● **WHAT IS EXPECTED**
Your copy runs from the line containing "A view of Biarritz" through the last line of the listing, both included. Restate those lines word for word and leave out pictures.

● **DATA BELOW**
○ ○ ○ ○ ○

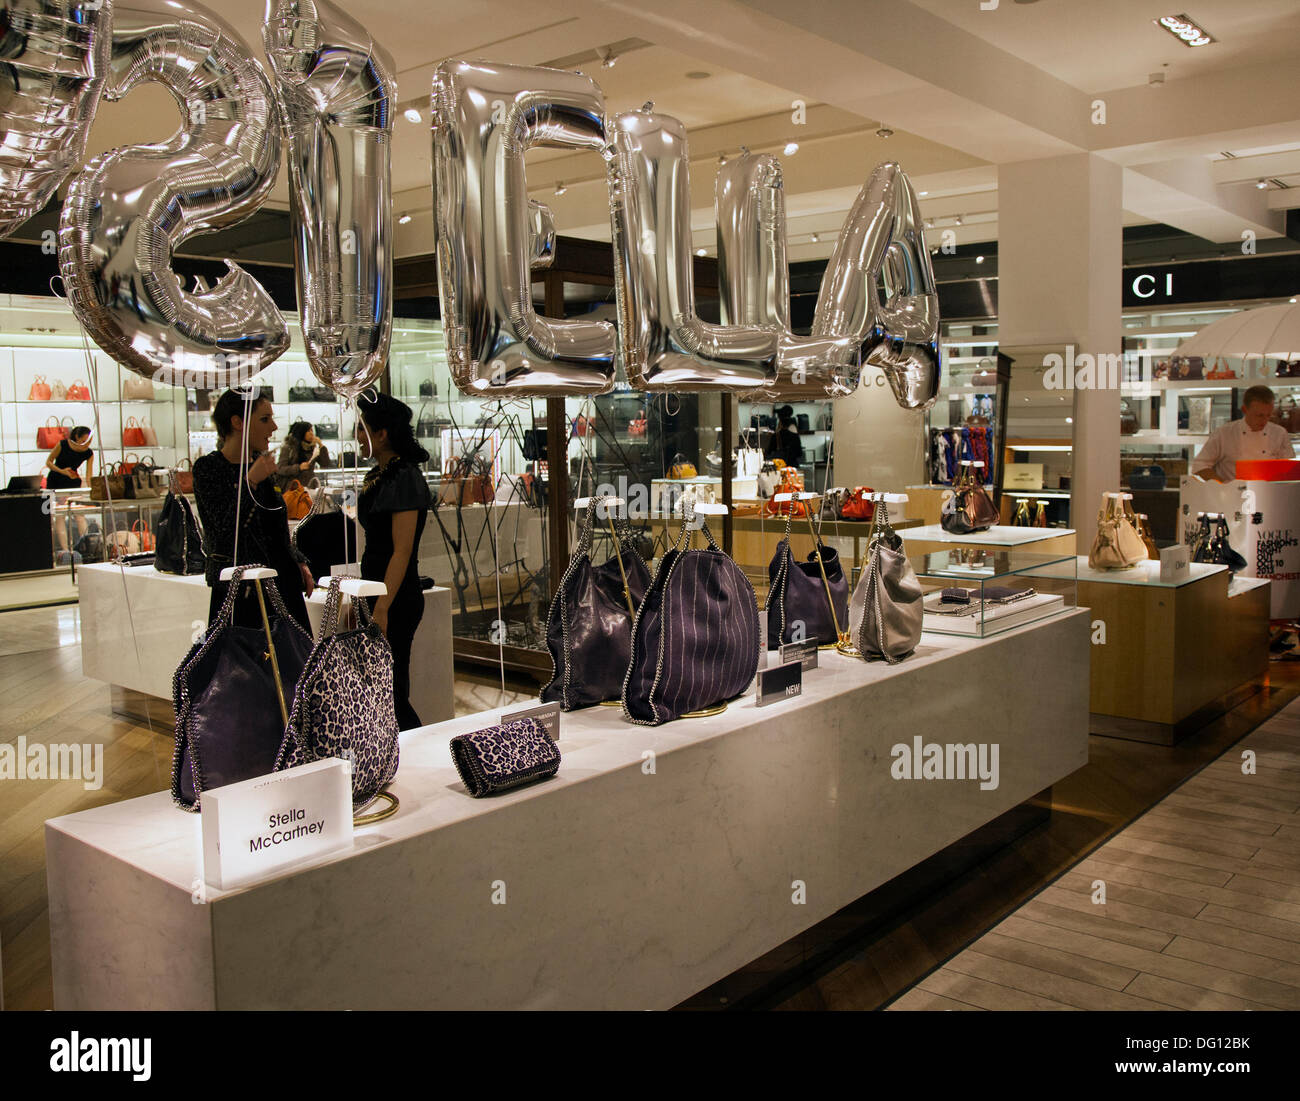 Stella mccartney handbags hi-res stock photography and images - Alamy
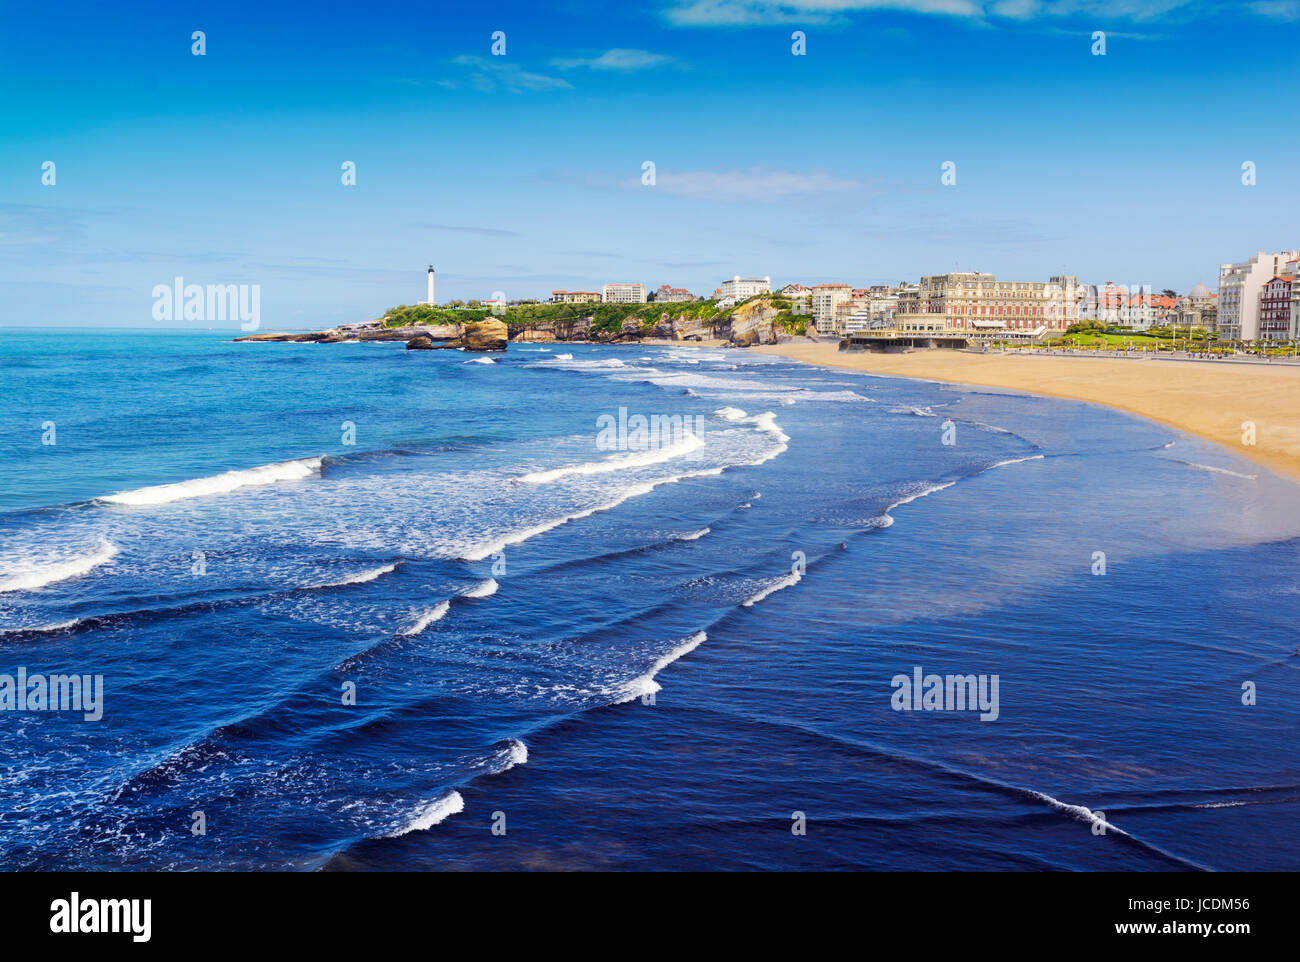 A view of Biarritz city in the south of France during a wonderful sunny day Stock Photo
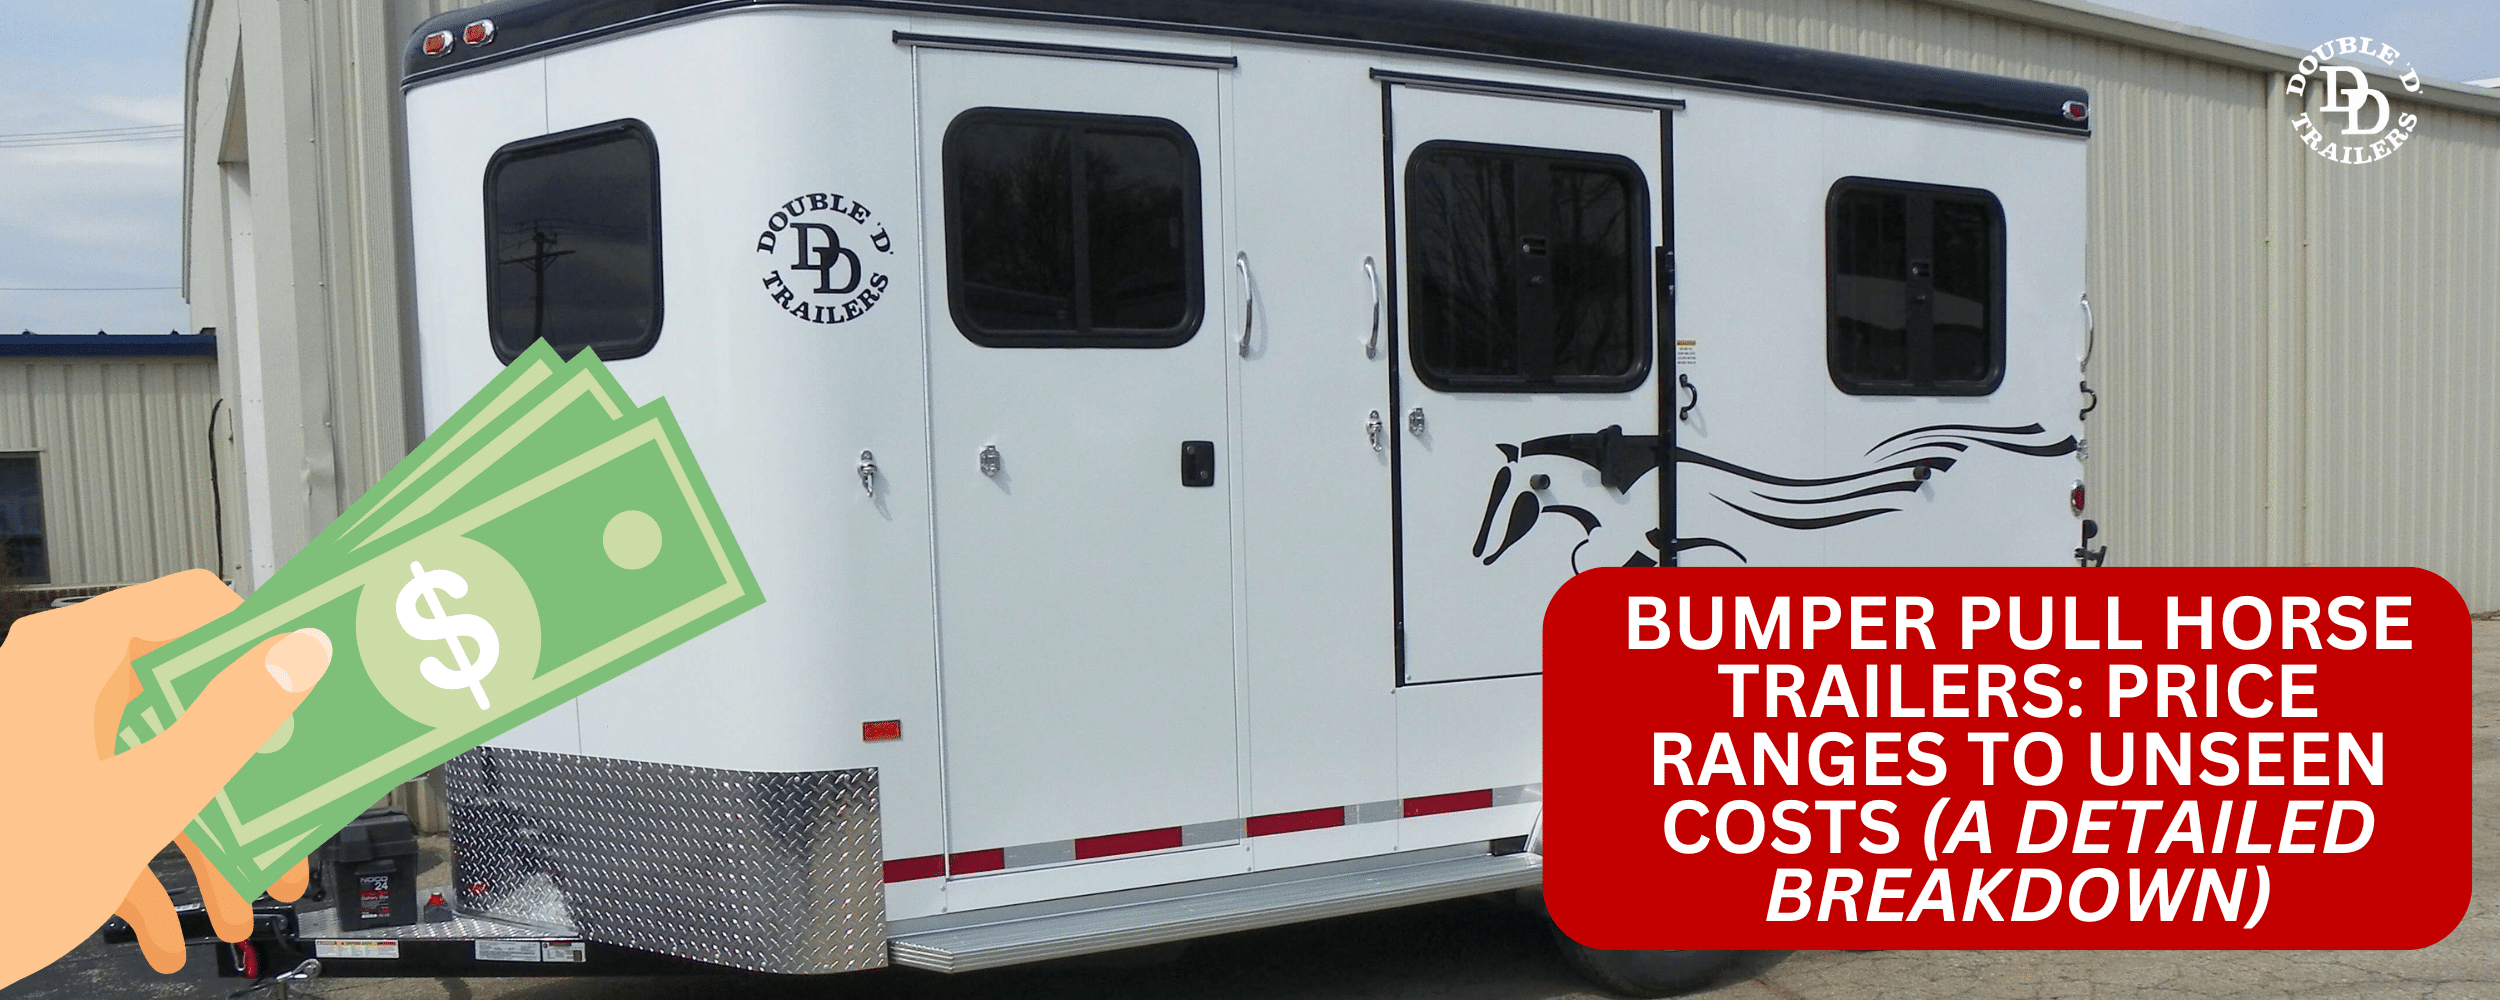 Bumper Pull Horse Trailers: Price Ranges to Unseen Costs Guide by Double D Trailers

○ ○ ○ ○ ○

● **ANSWER TO THIS EXERCISE**
 A view of Biarritz city in the south of France during a wonderful sunny day Stock Photo
 Bumper Pull Horse Trailers: Price Ranges to Unseen Costs Guide by Double D Trailers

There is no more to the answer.